语音界面,如个人助理和屏幕阅读器,会向用户读取图像说明。然而,通常情况下,每张图片只有一个标题,这可能不适用于所有情况(例如,浏览大量图片)。较长的字幕提供了对图像更深入的理解,但需要更多的时间来听,而较短的字幕可能不允许如此彻底的理解,但具有更快的消费优势。我们探讨了如何有效地收集缩略图标题(简洁的图像描述,旨在快速消费)和综合标题(允许个人更详细地理解视觉内容)。我们考虑了基于文本的指令和时间约束的方法来收集这两个细节级别的描述,并发现时间约束的方法在收集缩略图标题的同时保持标题的准确性是最有效的。此外,我们验证了使用这种时间约束方法的标题作者仍然能够通过跟踪他们的眼睛注视来关注图像中最重要的区域。我们按照人类评定的标准(正确性、流畅性、细节数量和重要概念的提及)评估收集到的标题,并讨论基于模型的指标在未来执行大规模自动评估的潜力。

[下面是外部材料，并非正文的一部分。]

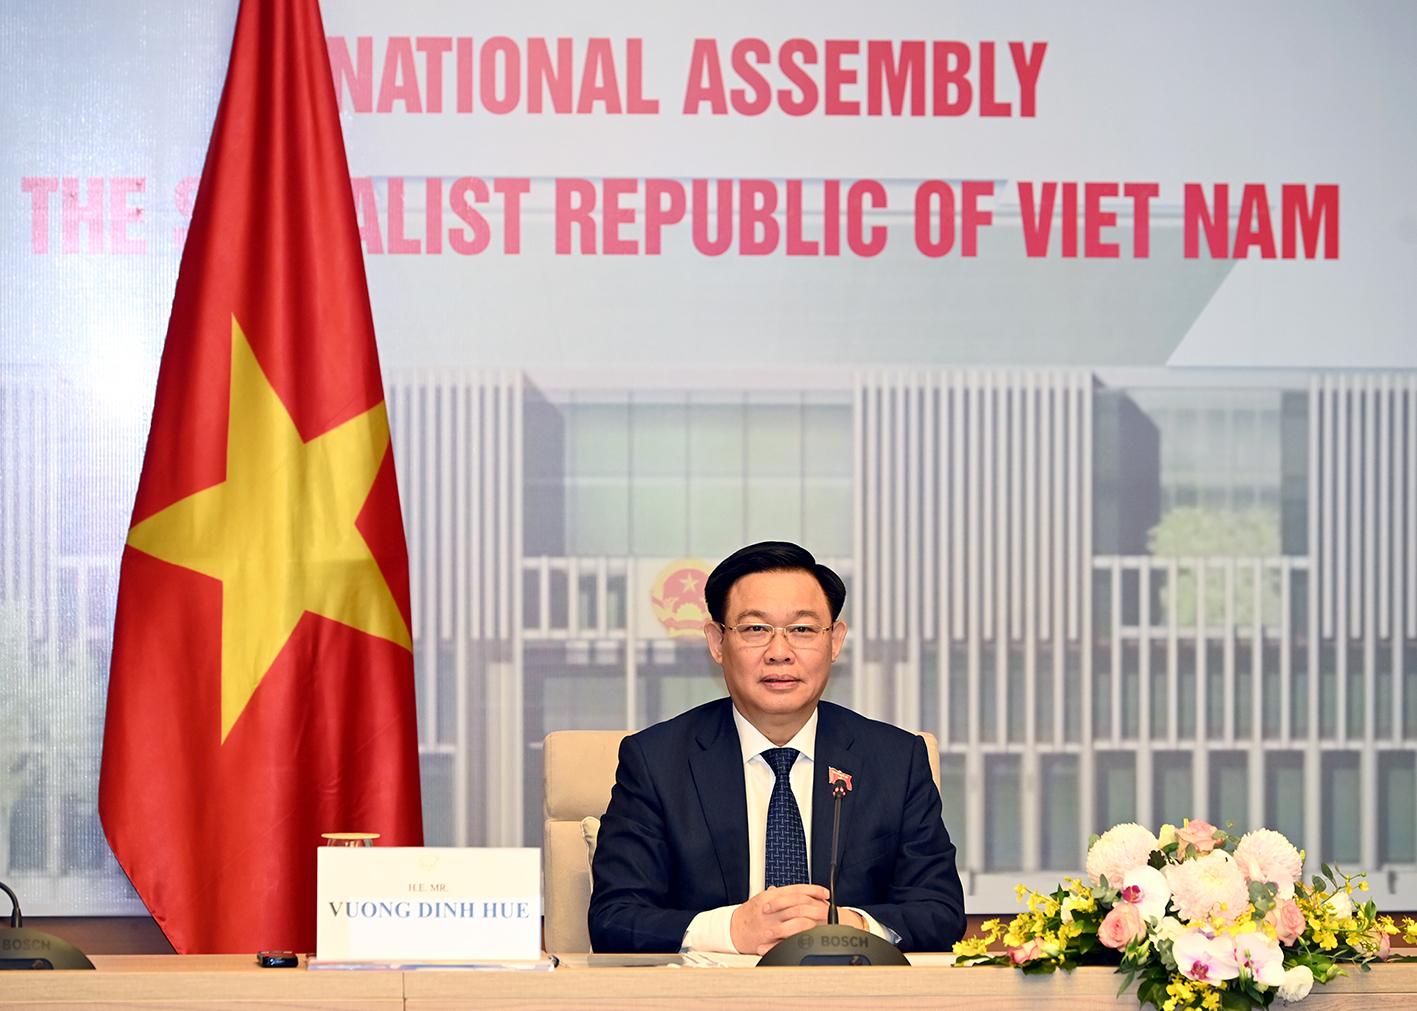 Chủ tịch Quốc hội Việt Nam và Trung Quốc hội đàm trực tuyến

本文章由计算机程序翻译,如有差异,请以英文原文为准。
查看原文
分享 分享
微信好友 朋友圈 QQ好友 复制链接
本刊更多论文
Crowdsourcing Thumbnail Captions: Data Collection and Validation
Speech interfaces, such as personal assistants and screen readers, read image captions to users. Typically, however, only one caption is available per image, which may not be adequate for all situations (e.g., browsing large quantities of images). Long captions provide a deeper understanding of an image but require more time to listen to, whereas shorter captions may not allow for such thorough comprehension yet have the advantage of being faster to consume. We explore how to effectively collect both thumbnail captions—succinct image descriptions meant to be consumed quickly—and comprehensive captions—which allow individuals to understand visual content in greater detail. We consider text-based instructions and time-constrained methods to collect descriptions at these two levels of detail and find that a time-constrained method is the most effective for collecting thumbnail captions while preserving caption accuracy. Additionally, we verify that caption authors using this time-constrained method are still able to focus on the most important regions of an image by tracking their eye gaze. We evaluate our collected captions along human-rated axes—correctness, fluency, amount of detail, and mentions of important concepts—and discuss the potential for model-based metrics to perform large-scale automatic evaluations in the future.
求助全文
通过发布文献求助,成功后即可免费获取论文全文。 去求助
来源期刊
ACM Transactions on Interactive Intelligent Systems
ACM Transactions on Interactive Intelligent Systems Computer Science-Human-Computer Interaction
CiteScore
7.80
自引率
2.90%
发文量
38
期刊介绍: The ACM Transactions on Interactive Intelligent Systems (TiiS) publishes papers on research concerning the design, realization, or evaluation of interactive systems that incorporate some form of machine intelligence. TIIS articles come from a wide range of research areas and communities. An article can take any of several complementary views of interactive intelligent systems, focusing on: the intelligent technology, the interaction of users with the system, or both aspects at once.
期刊最新文献
Categorical and Continuous Features in Counterfactual Explanations of AI Systems ID.8: Co-Creating Visual Stories with Generative AI Visualization for Recommendation Explainability: A Survey and New Perspectives Unpacking Human-AI interactions: From interaction primitives to a design space AutoRL X: Automated Reinforcement Learning on the Web
×
引用
GB/T 7714-2015
复制
MLA
复制
APA
复制
导出至
BibTeX EndNote RefMan NoteFirst NoteExpress
×
×
提示
您的信息不完整,为了账户安全,请先补充。
现在去补充
×
提示
您因"违规操作"
具体请查看互助需知
我知道了
×
提示
现在去查看 取消
×
提示
确定
0
微信
客服QQ
Book学术公众号 扫码关注我们
反馈
×
意见反馈
请填写您的意见或建议
请填写您的手机或邮箱
已复制链接
已复制链接
快去分享给好友吧!
我知道了
×
扫码分享
扫码分享
Book学术官方微信
Book学术文献互助
Book学术文献互助群
群 号:481959085
Book学术
文献互助 智能选刊 最新文献 互助须知 联系我们:info@booksci.cn
Book学术提供免费学术资源搜索服务,方便国内外学者检索中英文文献。致力于提供最便捷和优质的服务体验。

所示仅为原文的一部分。